I am climbing the viciously steep wall between my abysmal execution skills and actually getting to play Street Fighter IV.

Most games I play are very easy - in particular rpgs, where skilled or knowledgeable play actively makes the game easier by giving you a more powerful playing piece. Other games have poor incentives to do things the hard way, and I've never found making my own arbitrary challenges compelling. I don't really PVP.

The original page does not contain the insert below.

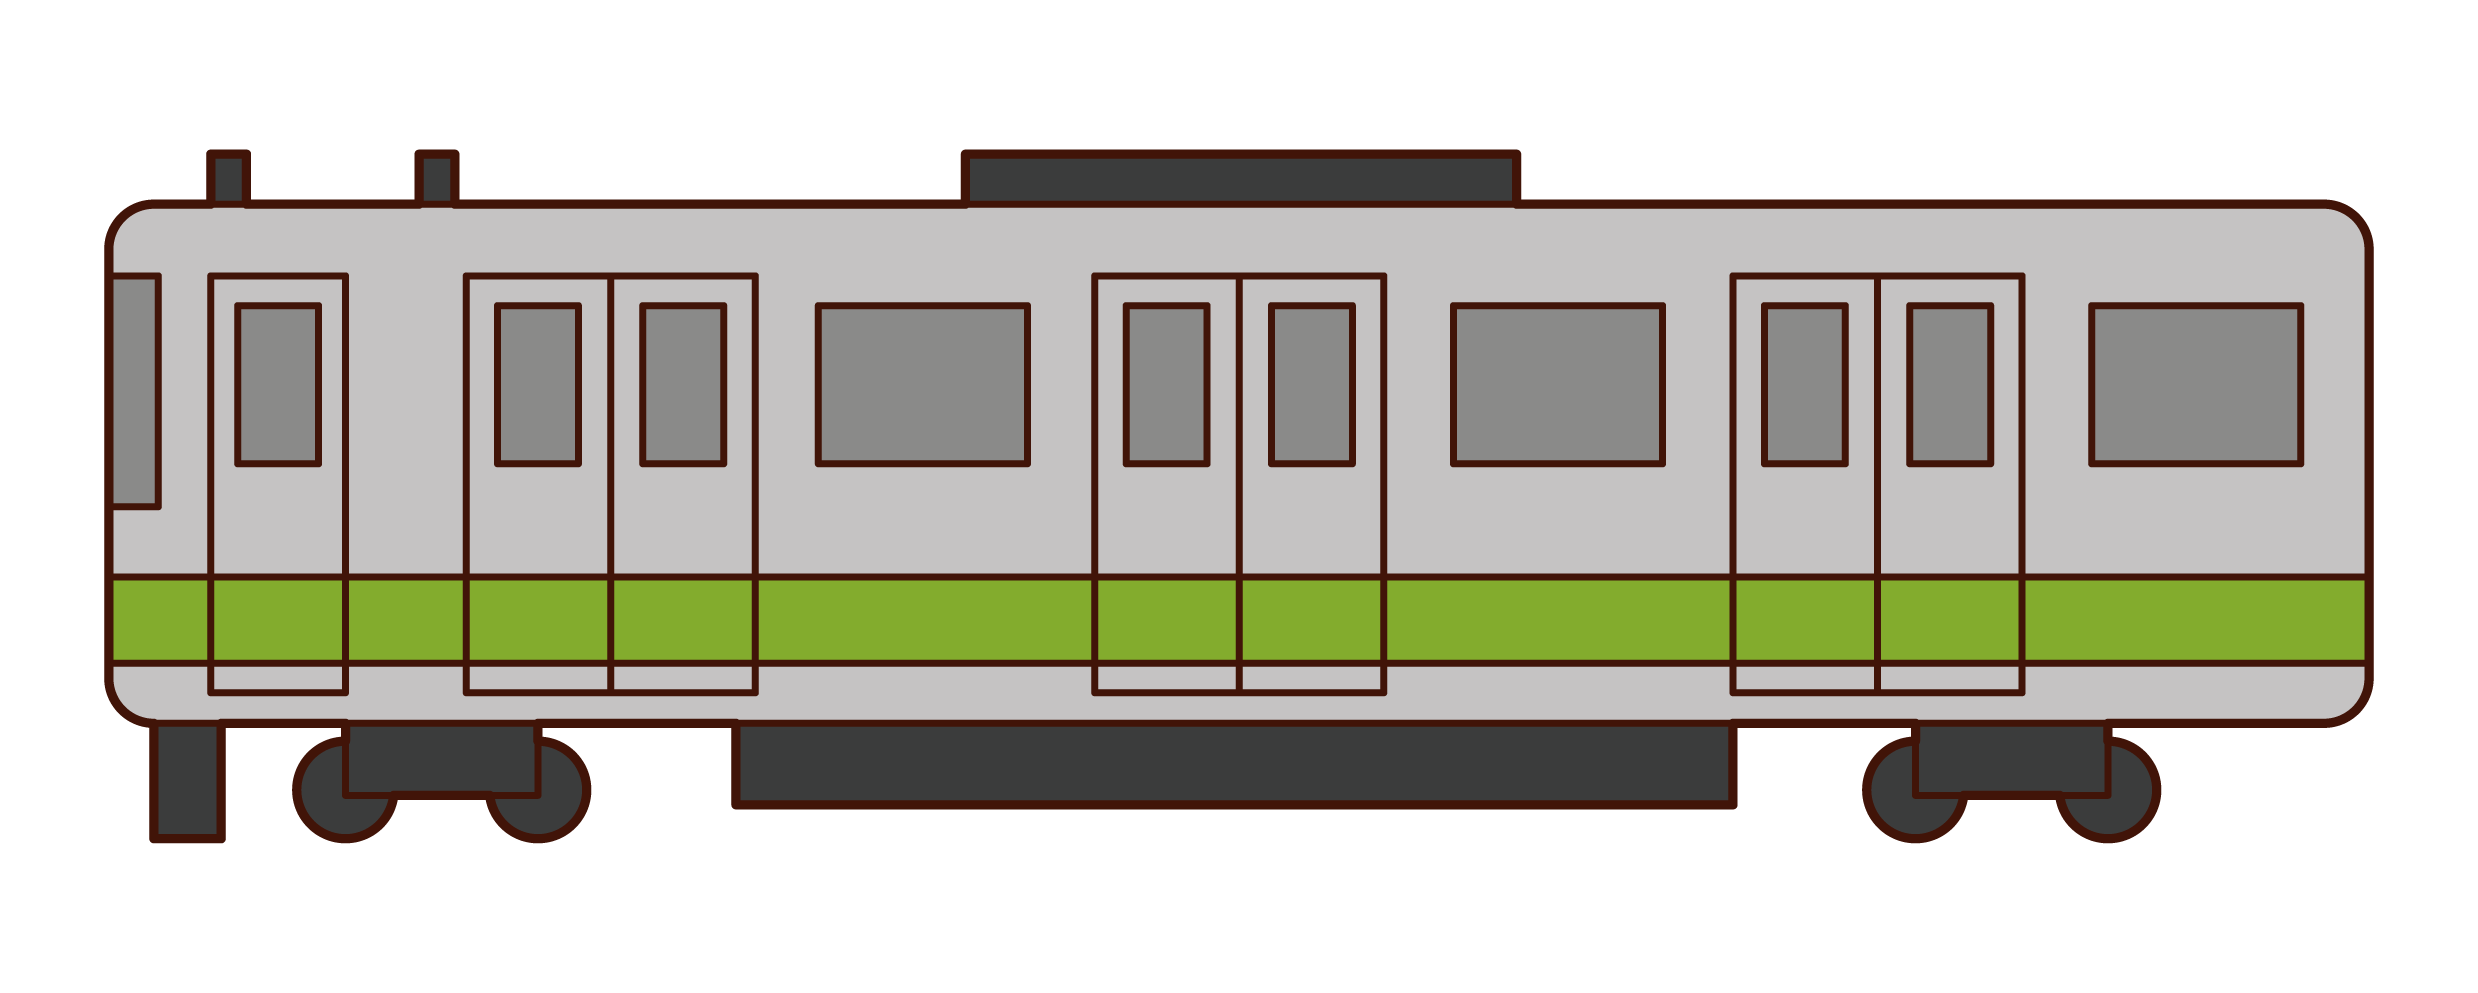 Illustration of the train

Hence, my skills are flabby.

SFIV is a compelling case for trying to fix that - the learning curve starts out fairly brutal, but it's long - all that improvement goes somewhere, it has utility. It's a very pure form of PVP with a huge and vibrant community. Their jargon has the seductive note of depth, their champions are awe-inspiring (Daigo "The Beast" Umehara's epic parry comeback belongs amongst the great competitive sporting moments). Becoming mediocre at this game is a worthy goal, and has a lot of gaming cultural currency :)

So while I wait for my Hori stick to arrive, dreaming of playing Rose or Sakura with finesse online, I throw Ryu's fireballs at the lowest breed of AIs, hoping to hit seven in ten. And when I fire up a PSP or DS game, I reach for the hardest difficulty, hoping to shed a little flab.